This project demonstrates a monocular depth estimation model built with TensorFlow and Keras. It uses a U-Net-like architecture to predict depth maps from single RGB images, leveraging the DIODE dataset for training and validation.
Features
The implementation includes several advanced deep learning techniques for computer vision:
- U-Net Architecture: Utilizes skip connections between downscaling and upscaling blocks to preserve spatial information.
- Multi-Component Loss: Combines SSIM, L1, and Edge Smoothness losses for high-quality depth map generation.
- Custom Data Pipeline: Efficiently handles the DIODE dataset with a custom Keras DataGenerator.

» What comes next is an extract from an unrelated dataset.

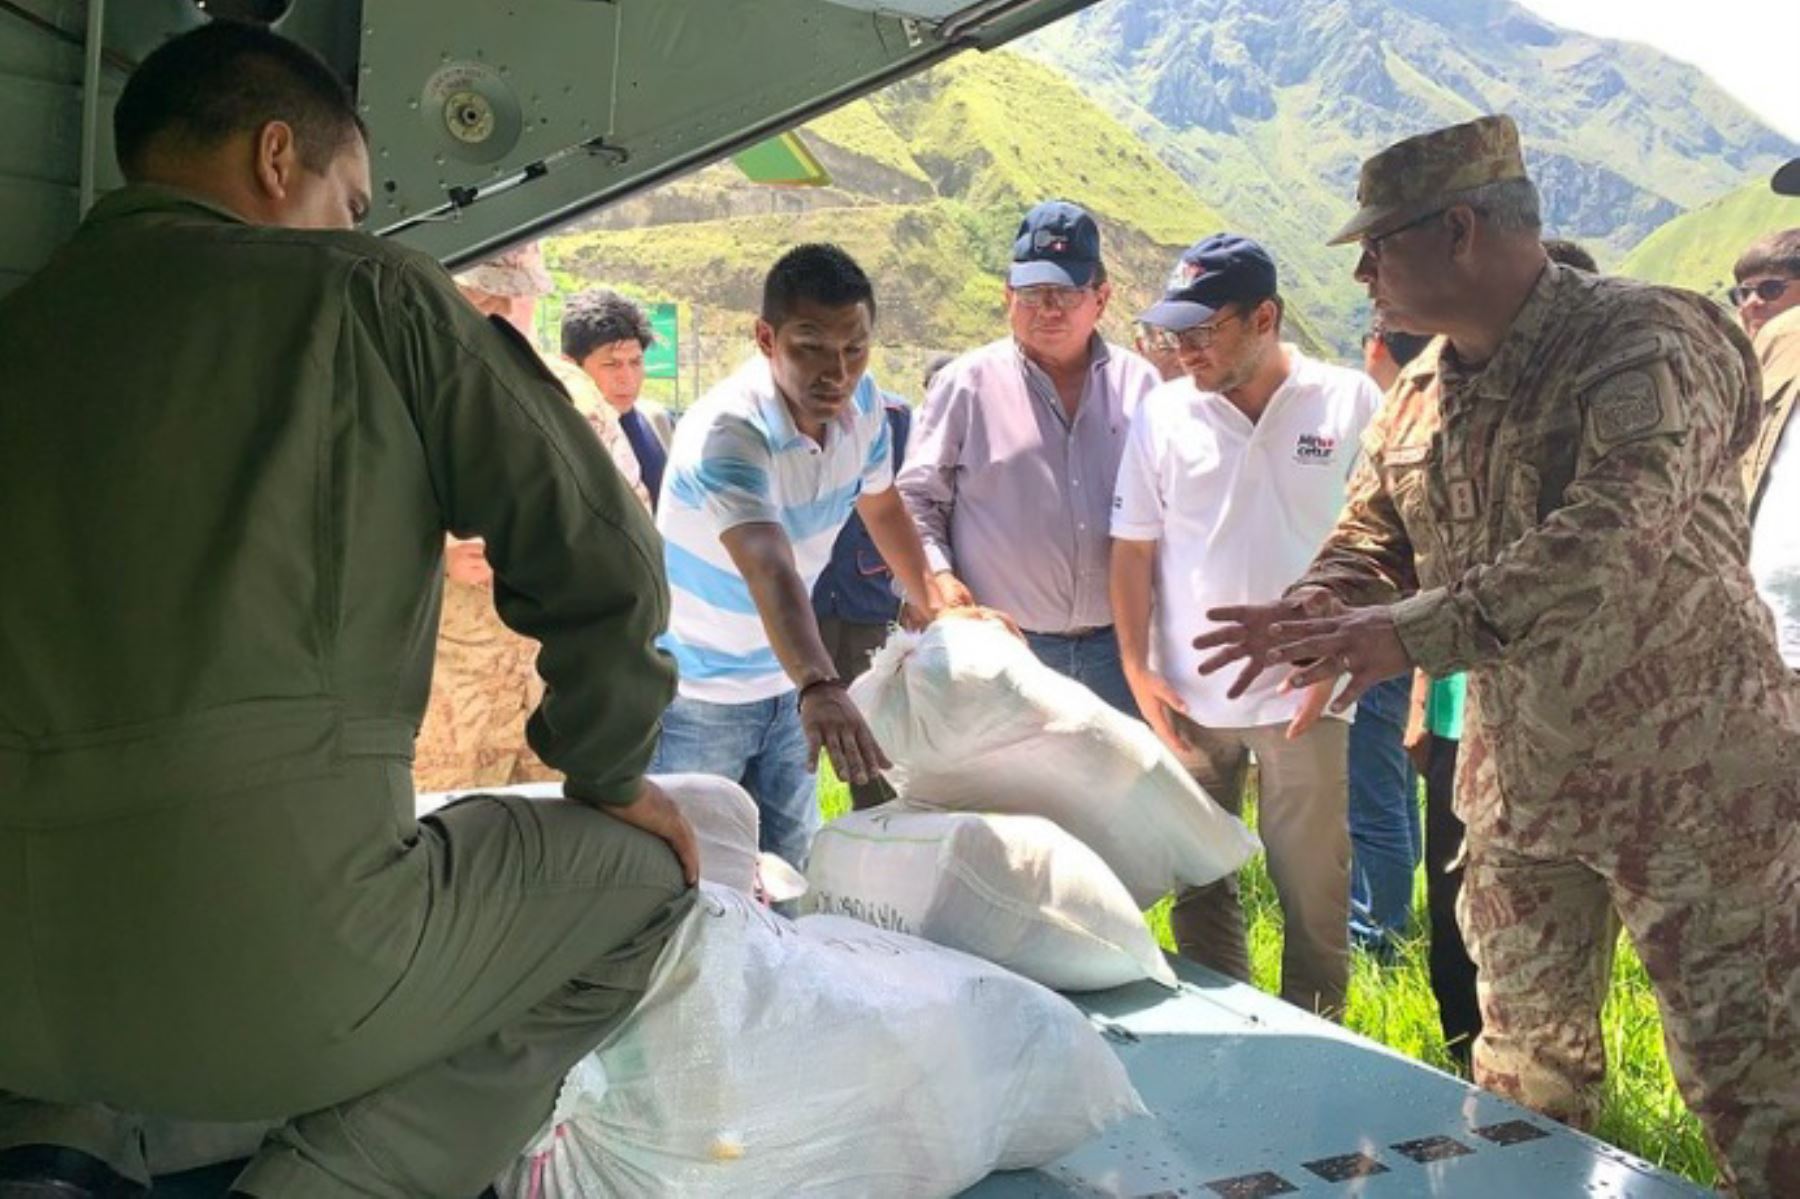 El ministro de Comercio Exterior y Turismo, Edgar Vásquez, sostuvo hoy que se viene priorizando el traslado de heridos y envío de ayuda humanitaria a los afectados por el huaico ocurrido en el distrito de Santa Teresa, en la provincia de La Convención, región Cusco.

- Optimized Training: Uses the Adam optimizer with a specific learning rate schedule for stable convergence.
Code Example
The core of the project is the custom loss function, which balances structural similarity with pixel-wise accuracy:
def calculate_loss(self, target, pred):
# Calculate image gradients for smoothness loss
dy_true, dx_true = tf.image.image_gradients(target)
dy_pred, dx_pred = tf.image.image_gradients(pred)
weights_x = tf.exp(tf.reduce_mean(tf.abs(dx_true)))
weights_y = tf.exp(tf.reduce_mean(tf.abs(dy_true)))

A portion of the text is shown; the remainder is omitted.